'''
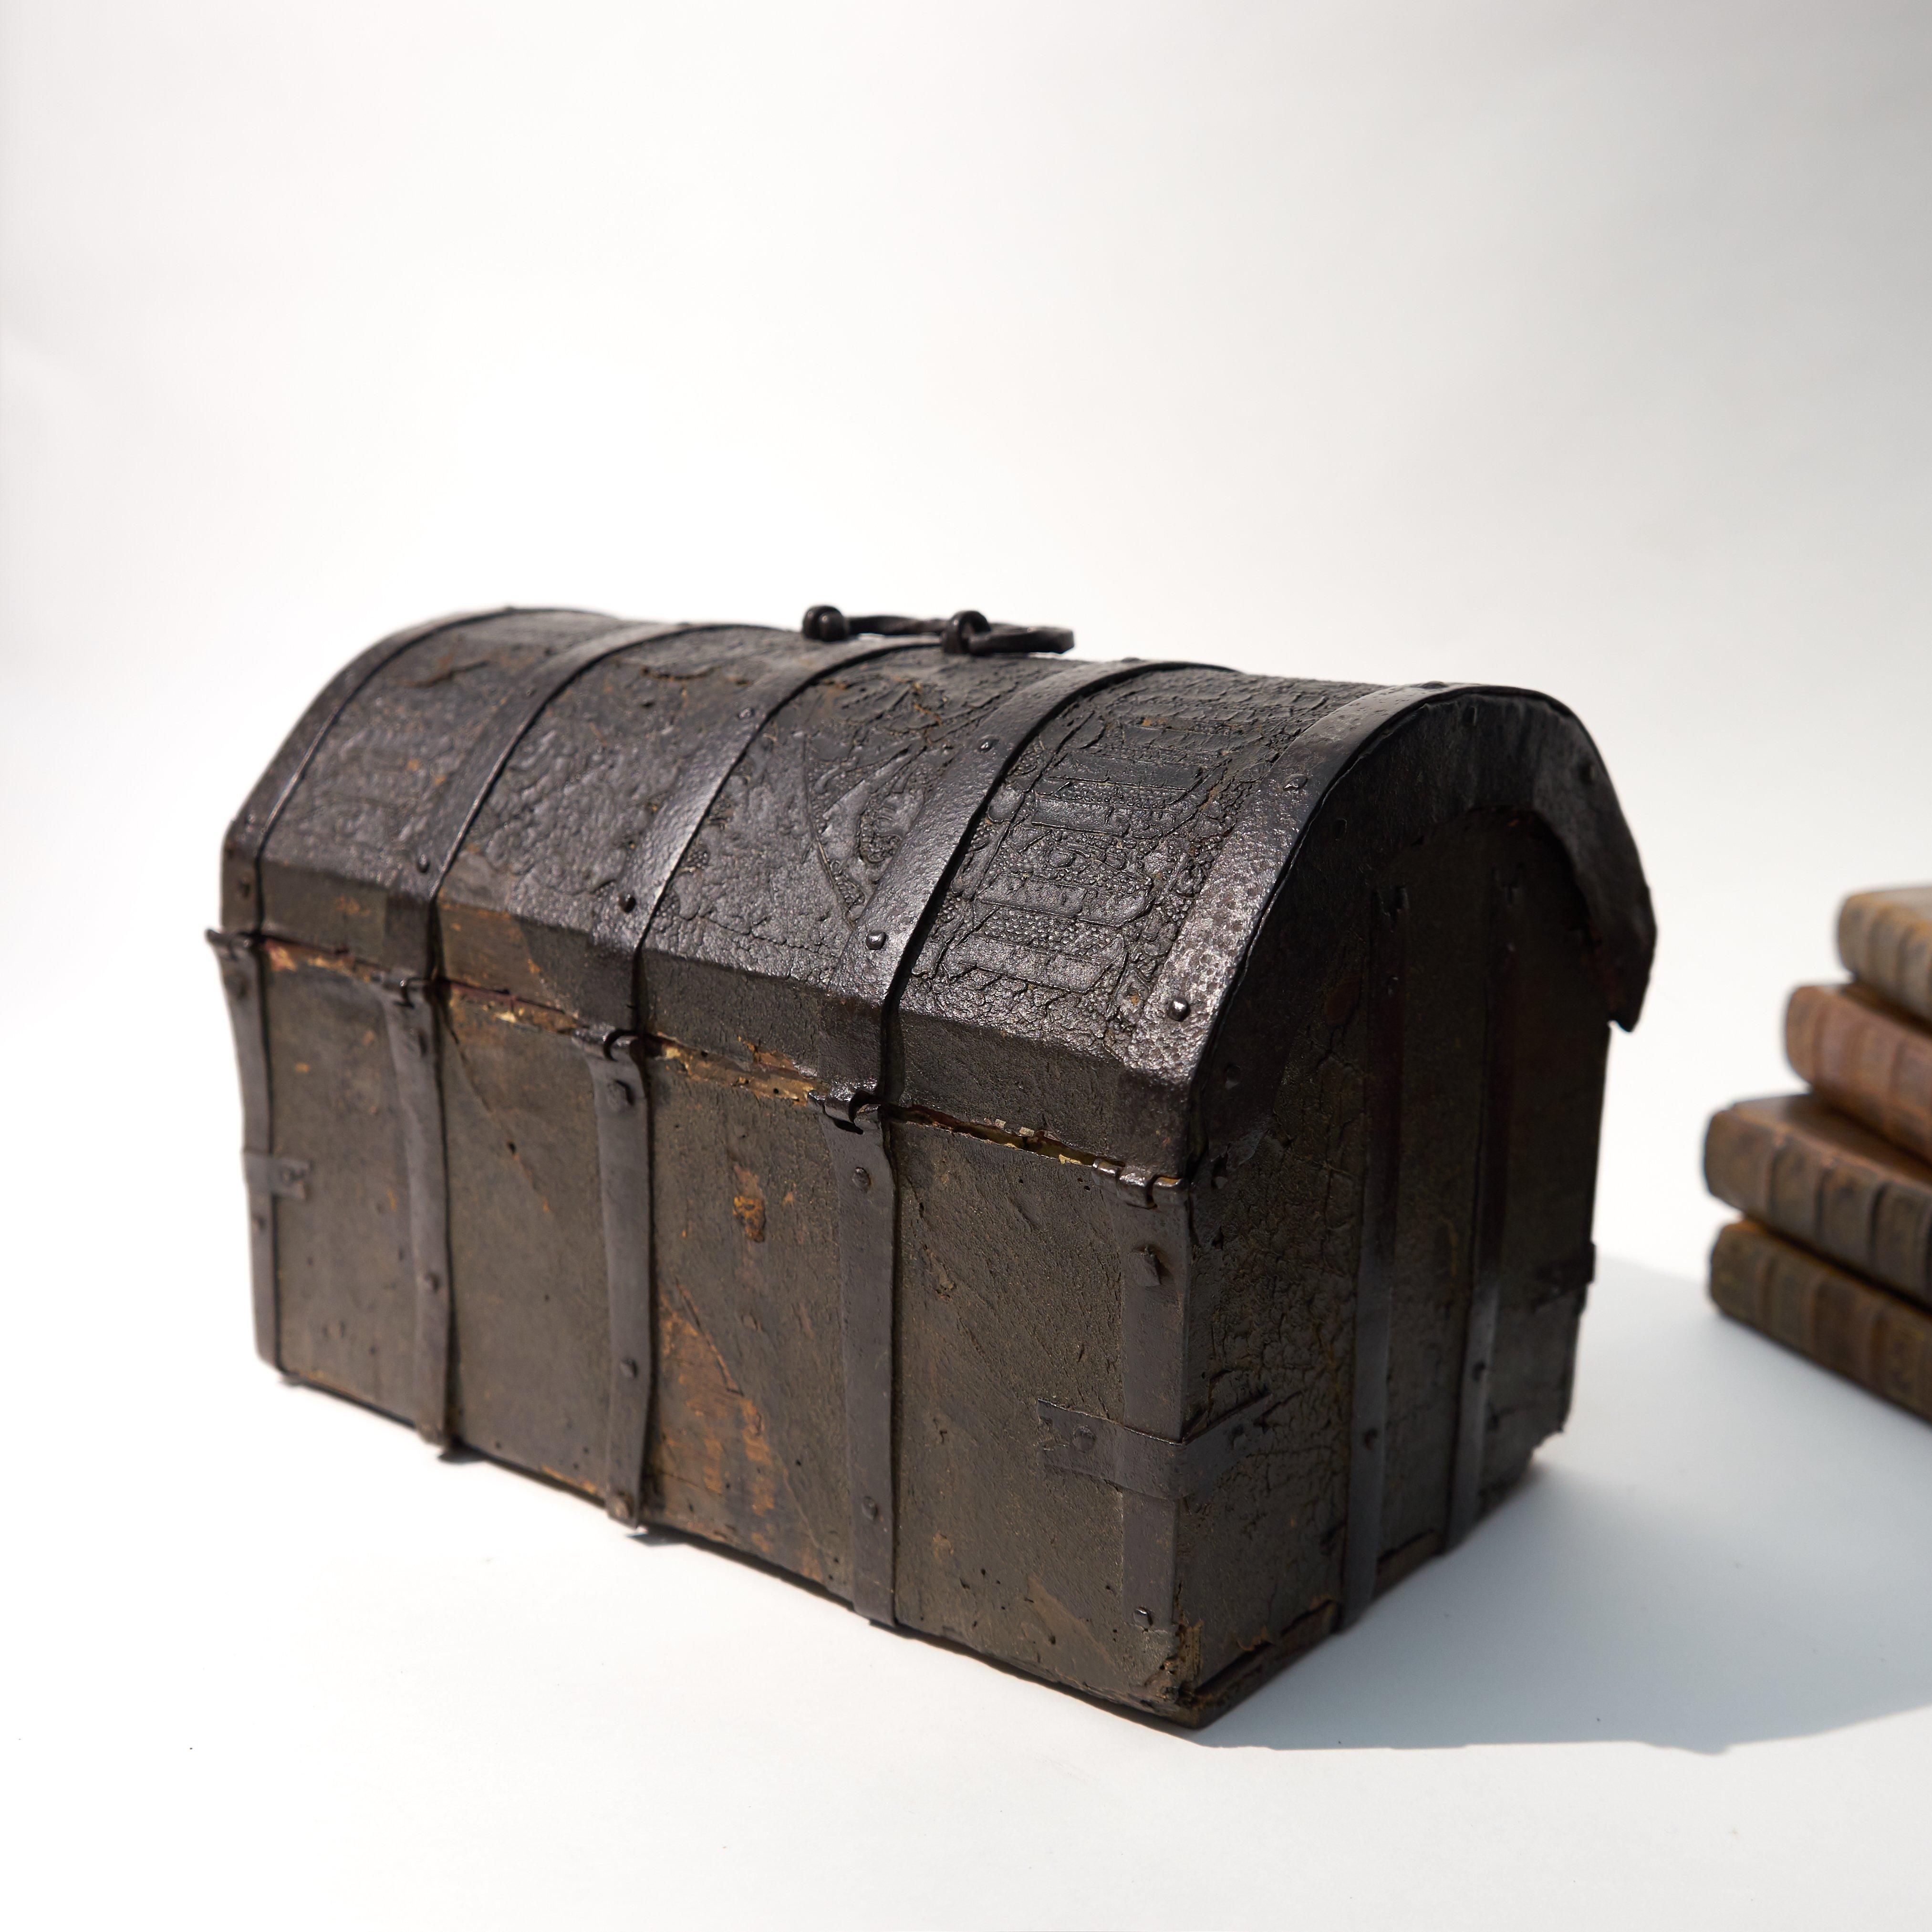 The box is an iron-mounted Cuir Bouilli casket.
Coffrets or small boxes, made from wood and covered with leather were often used to store
documents or other desk objects. It is decorated with floral patterns and includes three
inscriptions in
'''
PROMPT: Go through the listing above and locate each line that holds the word "with". Copy those lines.

SOLUTION:
Coffrets or small boxes, made from wood and covered with leather were often used to store
documents or other desk objects. It is decorated with floral patterns and includes three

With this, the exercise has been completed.